Thursday, February 12, 2009
The SEC announced that today it charged George Georgiou, of Toronto, Ontario, with manipulating the market in four separate microcap stocks — Avicena Group, Inc., Neutron Enterprises, Inc., Hydrogen Hybrid Technologies, Inc., and Northern Ethanol, Inc. The Commission's action, filed in federal district court in Philadelphia, alleges that, from 2004 through September 2008, Georgiou, who controlled the publicly-traded stock of each company, manipulated the market in each stock through the use of many nominee accounts that he either directly or indirectly controlled at offshore broker-dealers and banks and the use of manipulative techniques, including matched orders and wash sales. Ultimately, Georgiou realized at least $20.9 million in ill-gotten gains from his manipulation schemes.

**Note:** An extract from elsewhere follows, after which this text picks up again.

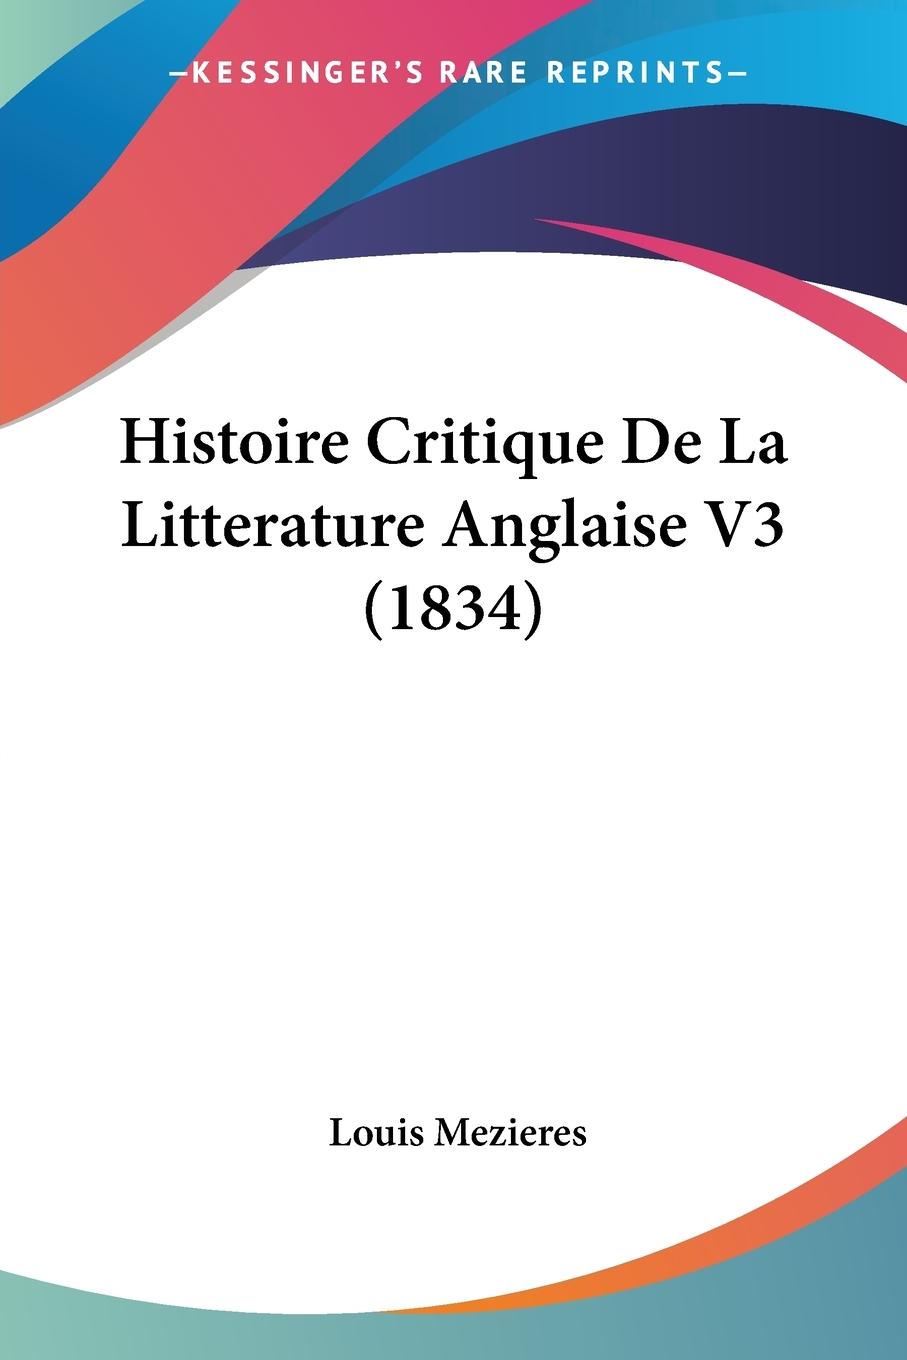 Histoire Critique De La Litterature Anglaise V3 (1834) - Mezieres, Louis

In addition to the enforcement action, the Commission today entered an order suspending trading in the securities of the four manipulated stocks for a ten day period commencing 9:30 a.m. February 12, 2009. The U. S. Attorney for the Eastern District of Pennsylvania today separately announced criminal charges against Georgiou involving the same conduct.
The Commission's complaint alleges that Avicena Group is headquartered in Palo Alto, California, and that the other three companies are headquartered in Canada.
The complaint seeks a permanent injunction, disgorgement of ill-gotten gains, together with prejudgment interest, civil penalties, and a penny stock bar against Georgiou.